#### Supplied data:
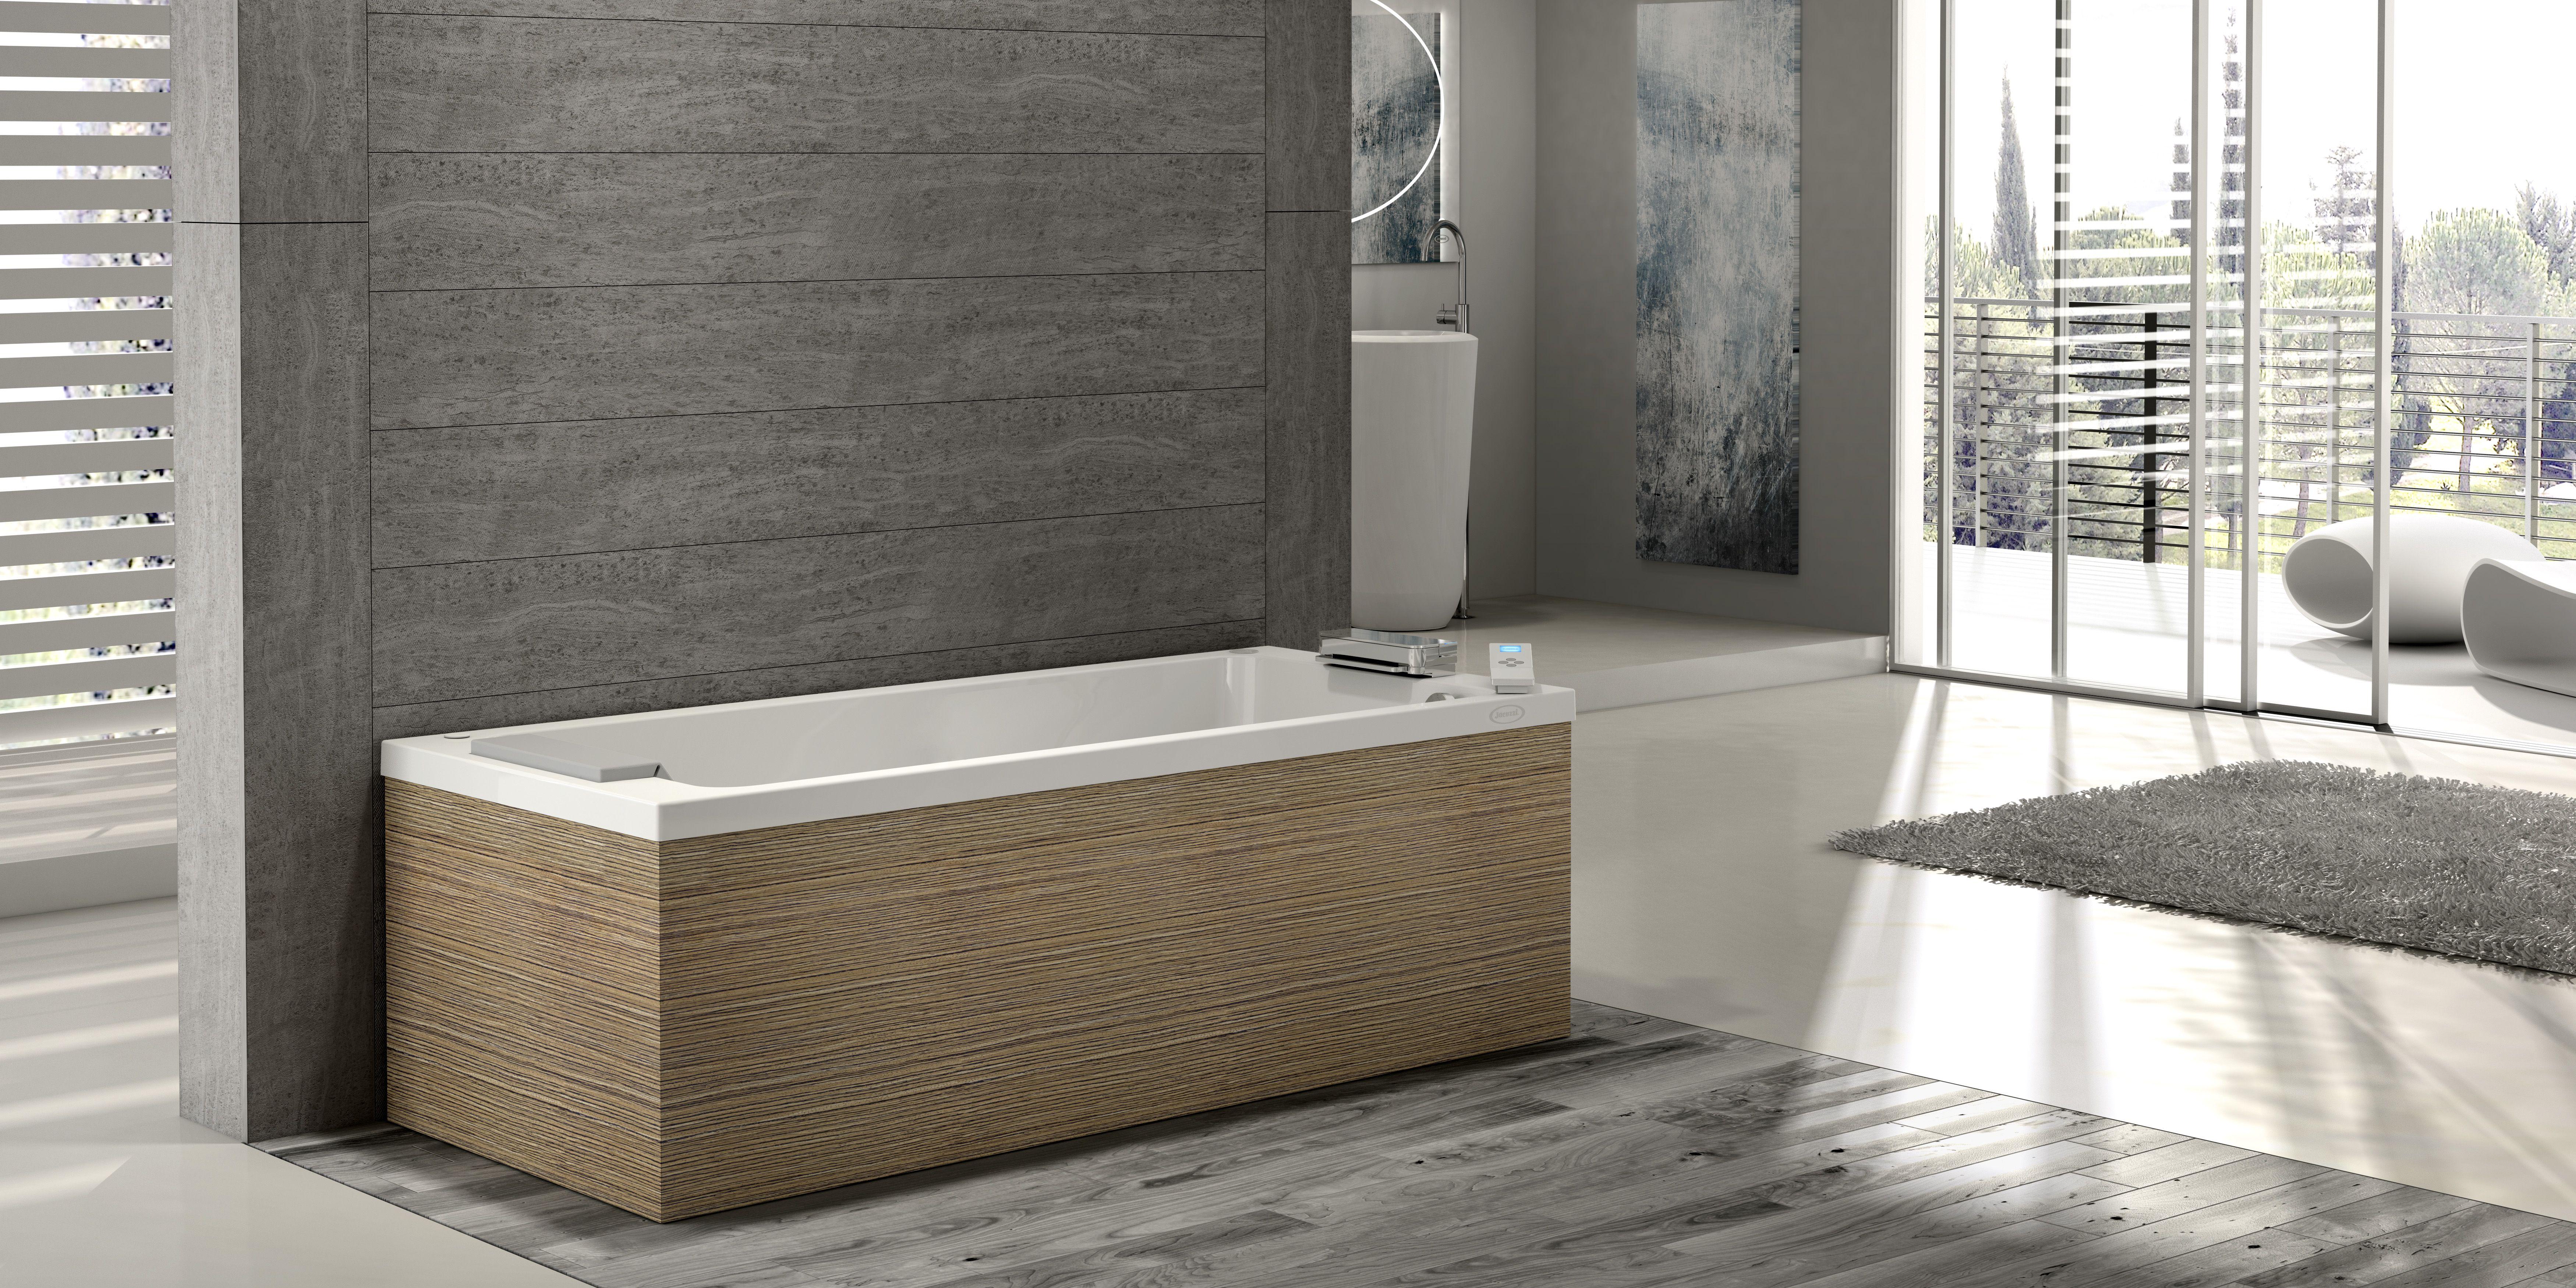 baignoire baln o contre un mur le mod le sharp de jacuzzi avec panneaux bois vein balneo. Black Bedroom Furniture Sets. Home Design Ideas
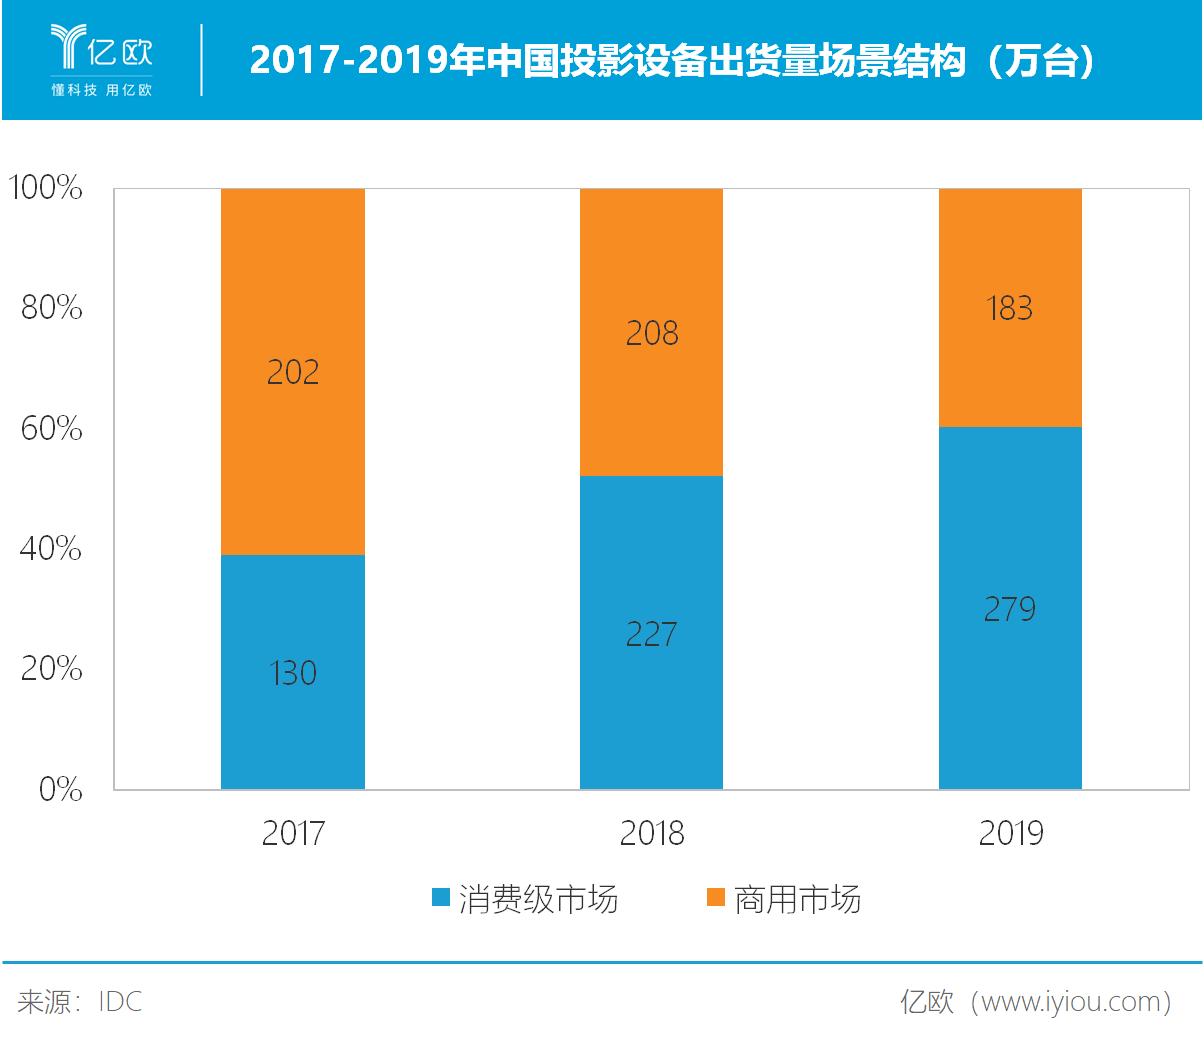 2017-2019年中国投影设备出货量场景结构
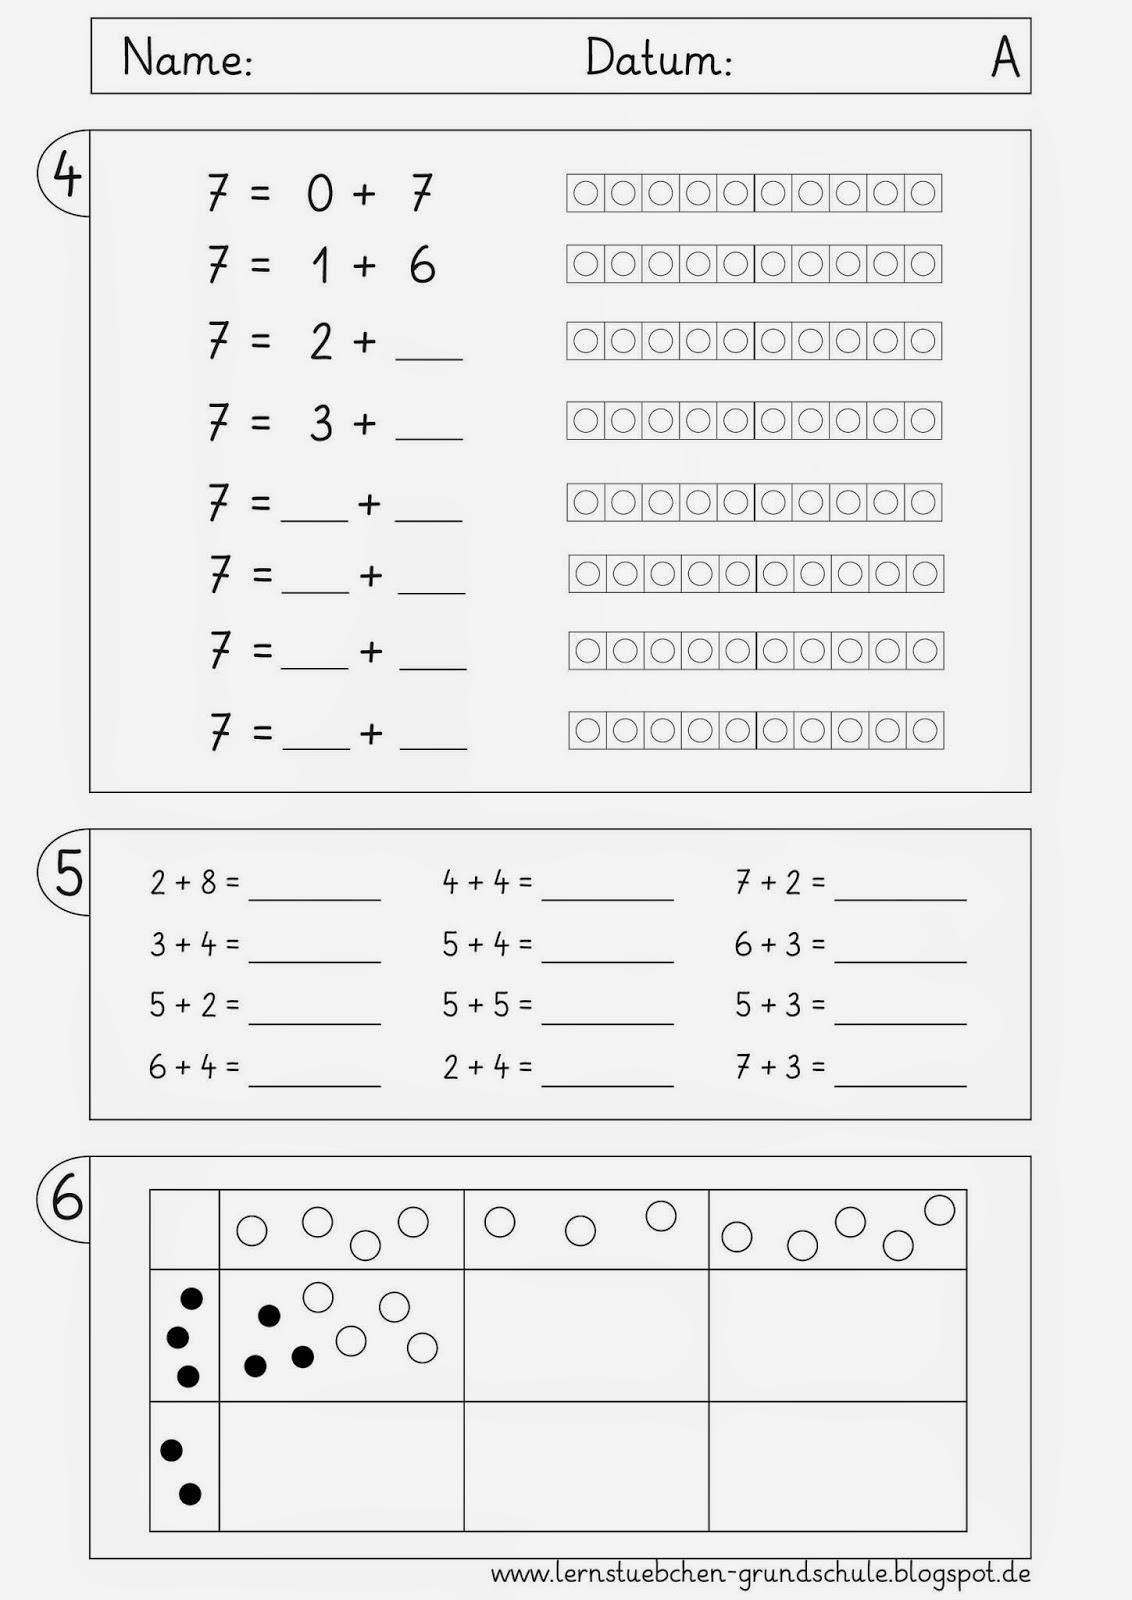 Lernstübchen: ausgewählte Lernziele - Mathe bis Weihnachten

#### How to complete this task:
Write the data out again word for word; leave the pictures behind.

#### Answer below:
 baignoire baln o contre un mur le mod le sharp de jacuzzi avec panneaux bois vein balneo. Black Bedroom Furniture Sets. Home Design Ideas
 2017-2019年中国投影设备出货量场景结构
 Lernstübchen: ausgewählte Lernziele - Mathe bis Weihnachten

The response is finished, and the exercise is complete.